先日、台湾を訪れた際、台南と台北で最新のデザイナーズホテルに泊まる機会があり、それらのコンセプトや、備品などを含めた細部に及ぶデザイン上の気配りが見事だったので、3回に分けて紹介することにした。1回目は、台南の「ザ・プレイス」の室内編である。

ザ・プレイスは、台南駅からクルマで約10分のところにあり、モダンなショッピングモールの「南紡夢時代」や映画館、賃貸オフィススペースなどと躯体を共用する複合施設の一部となっている。
 
建物の上部に「台南紡織」の文字が掲げられていることから、紡績会社が工場の跡地などを利用して展開している新規事業の一環と思い、後から調べてみた。すると、まさにそのような土地を利用して日本の三菱地所設計が手がけた再開発プロジェクトであり、紡ぐ・織る・包むといった「糸」や「布」にまつわるキーワードに基づくコンセプトワークが行われていることが明らかとなった。

ホテル部分のデザインは、オランダのメカノ建築事務所が手がけたもので、各部屋が狭小住宅のそれのように合理的に設計されている。
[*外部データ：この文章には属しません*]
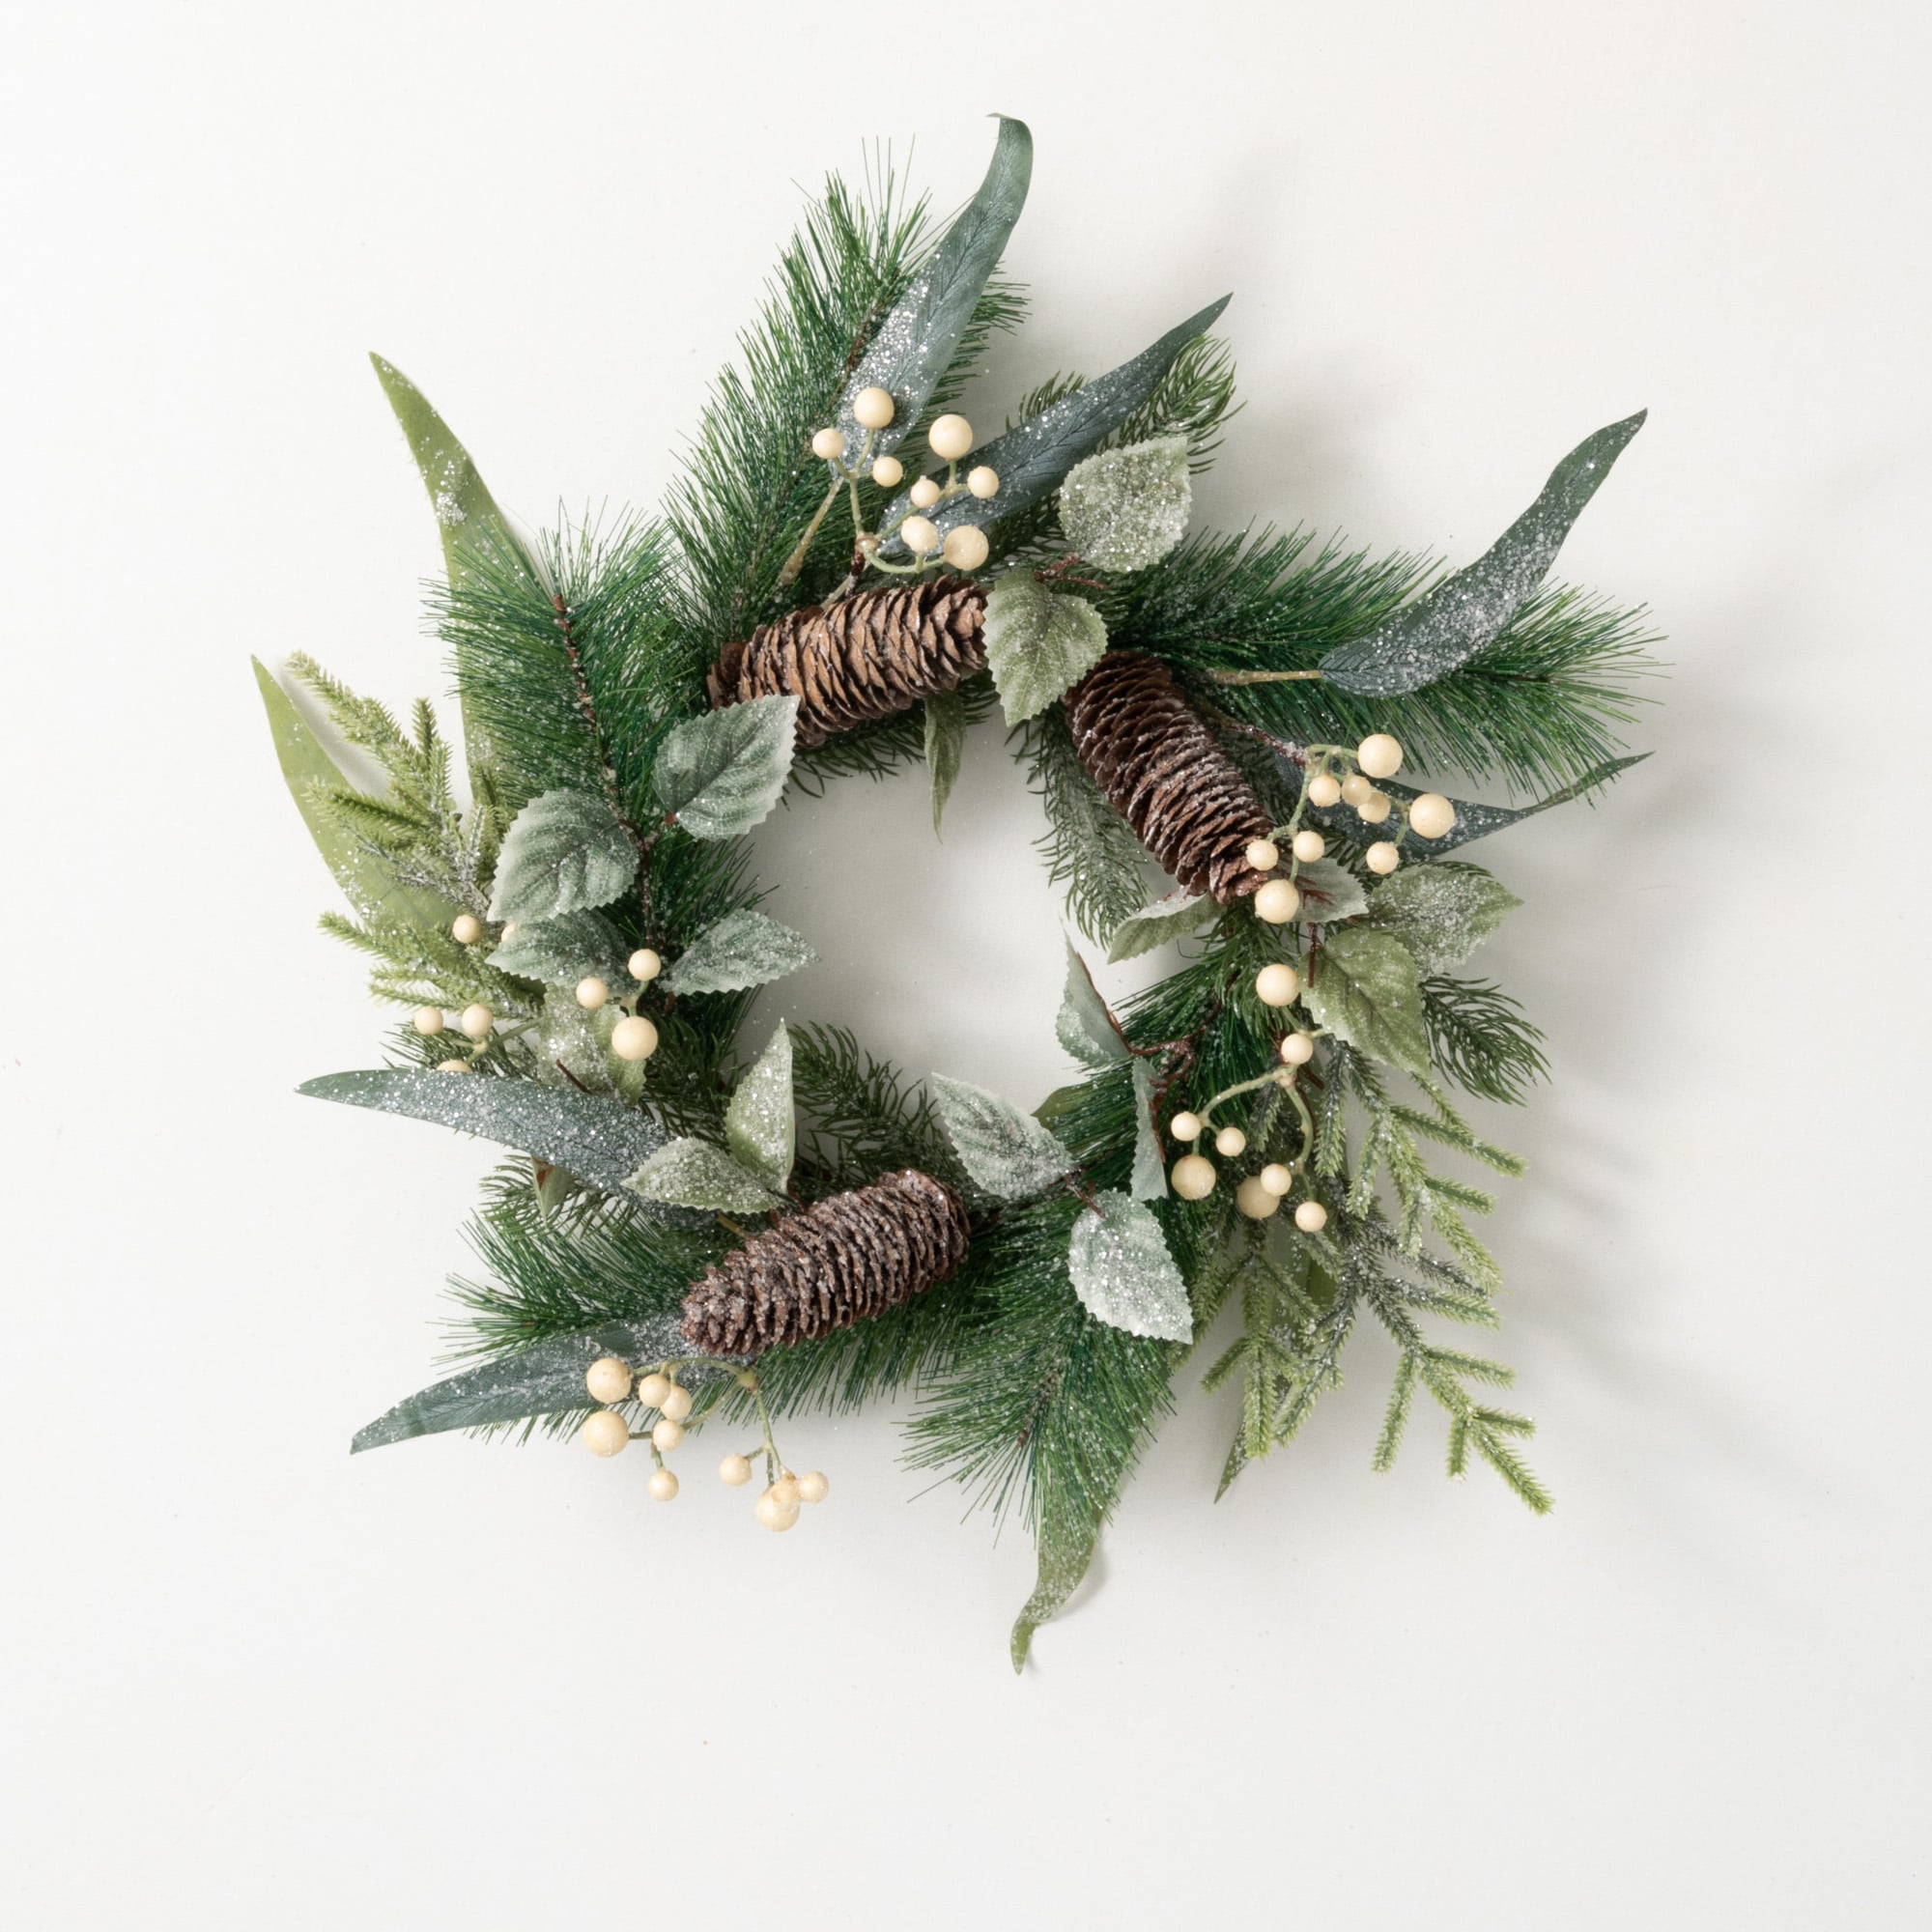 Artificial Christmas Wreaths at Lowes.com

例えば、筆者が泊まった部屋は、シャワーとトイレ以外は固定的な壁を設けず、ワンルームの中に大きな黒い木製の機能ユニットをひとつ置くことで、スペースを分ける構造だった。

機能ユニットは、クローゼット、ベッドのヘッドボードと天蓋、冷蔵庫や金庫、アメニティの収納スペース、洗面設備を融合したもので、白い壁や床とコントラストをなす。そこに、差し色的にカラフルな枕やクッションなどが配されている。

また、間接照明主体の中に、ひとつだけレトロな街灯風のライトがあり、特別なスポット感を演出していた。

テレビのリモコンは、むき出しで置かれることなくマニュアルを兼ねたスリーブに収められており、メモ用紙やポストカードも、六角形だったりエンボス加工がなされていたりと、とても凝ったもの。周辺や館内の案内にしても、バインダー入りの重厚なものではなく、あえて薄く軽い紙にインフォグラフィックス的なイラストやイベント情報のQRコードなどを配してつくられている。



さらに、面白いと感じたのは、室内用のスリッパに施された線画である。履物をベッドに見立てて、男女の寝姿が描かれているのだ。

アメニティ類は、機能ユニットの洗面脇の戸棚内の布製のポケットに収納されている。この部分は、マジックテープで脱着可能なので、ルームクリーニングの際にはアメニティをセットしたポケットごと交換することで、作業の効率化を図っている可能性もありそうだ。